Opinion
CIVIL ACTION NO. 08-2337.
January 30, 2009
ORDER
AND NOW, this 29th day of January, 2009, upon consideration of the pleadings and the record herein, and after review of the unopposed Report and Recommendation of M. Faith Angell, United States Magistrate Judge, it is hereby ORDERED that:
1) The Report and Recommendation is APPROVED and ADOPTED;
2) The petitioner's Motion for Relief from Judgement under Fed.R.Civ.P. Rule 60(b) (Document #1) is hereby DISMISSED;
3) The Clerk of the Court shall mark this case CLOSED for all purposes.
Mr. Cureton is not entitled to relief under Federal Rule of Civil Procedure 60(b). First, his contention that I "mistakenly" or "inadvertently" adopted and approved the prior Report and Recommendation is baseless. An evidentiary hearing is not required for a petition for habeas corpus. I agreed with the Report's conclusion that Mr. Cureton was not entitled to habeas relief based on the pleadings and the record. Cureton v. Rozum, 2007 WL 1650678, at *1 n. 1 (E.D. Pa. June 5, 2007) (order adopting Report and Recommendation). Mr. Cureton has presented no new evidence for me to conclude otherwise.

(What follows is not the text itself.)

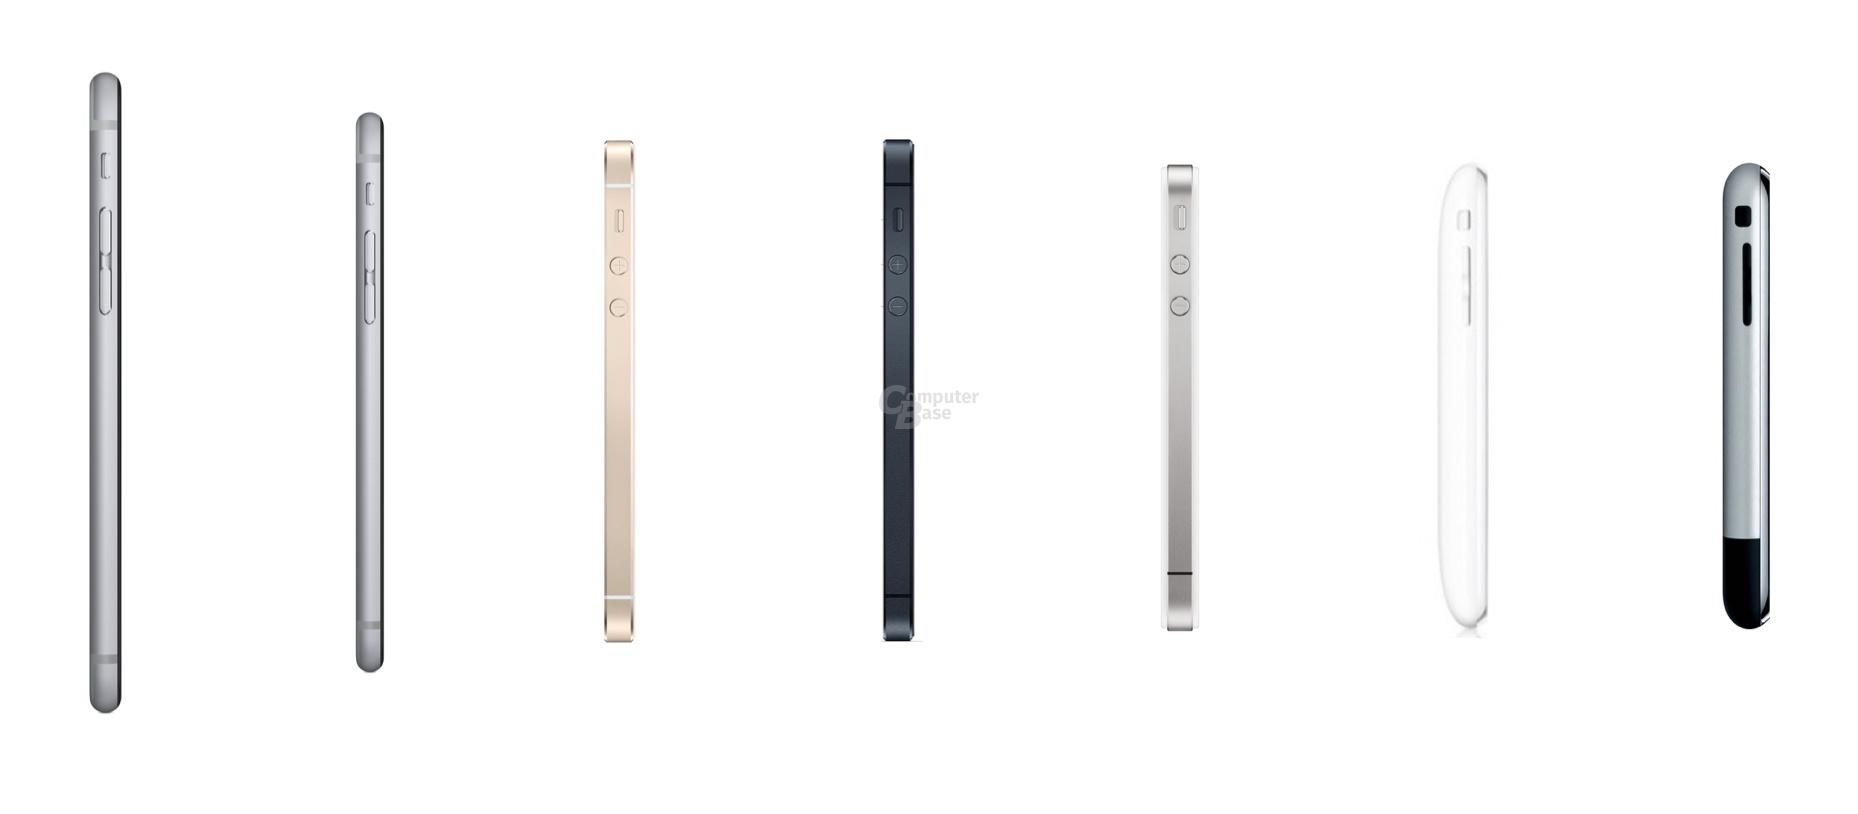 v.l.n.r.: iPhone 6 (Plus), 5S, 5, 4S/4, 3GS/3G und iPhone (Seite)

Second, the prior Report and Recommendation carefully discussed why three of Mr. Cureton's claims were dismissed for failure to exhaust. See Cureton v. Rozum, No. 06-3030, at 6-9 (E.D. Pa. Mar. 29, 2007) (Report and Recommendation). Mr. Cureton has not argued why these prior conclusions were incorrect. He merely asserts that they were incorrect. After consideration of the motion and the prior record, I will dismiss this argument.
Third, to the extent Mr. Cureton argues that his claim of insufficiency of the evidence as to the presence of gunpowder residue was improperly dismissed, I perceive no reason to grant relief. The prior Report and Recommendation directly noted the fact that the PCRA court did not address this particular aspect of Mr. Cureton's insufficiency claim. See id. at 11-12. The Report proceeded to analyze the merits of the claim. It concluded that the "Superior Court's decision was not based on an unreasonable determination of the facts in light of the evidence" and that the decision was "neither contrary to nor an unreasonable application of clearly established federal law." See Cureton, 2007 WL 1650678, at *1 n. 1 (E.D. Pa. June 5, 2007) (noting agreement with the Report and Recommendation's conclusion as to the sufficiency of the evidence). Mr. Cureton has presented no reason to alter that conclusion.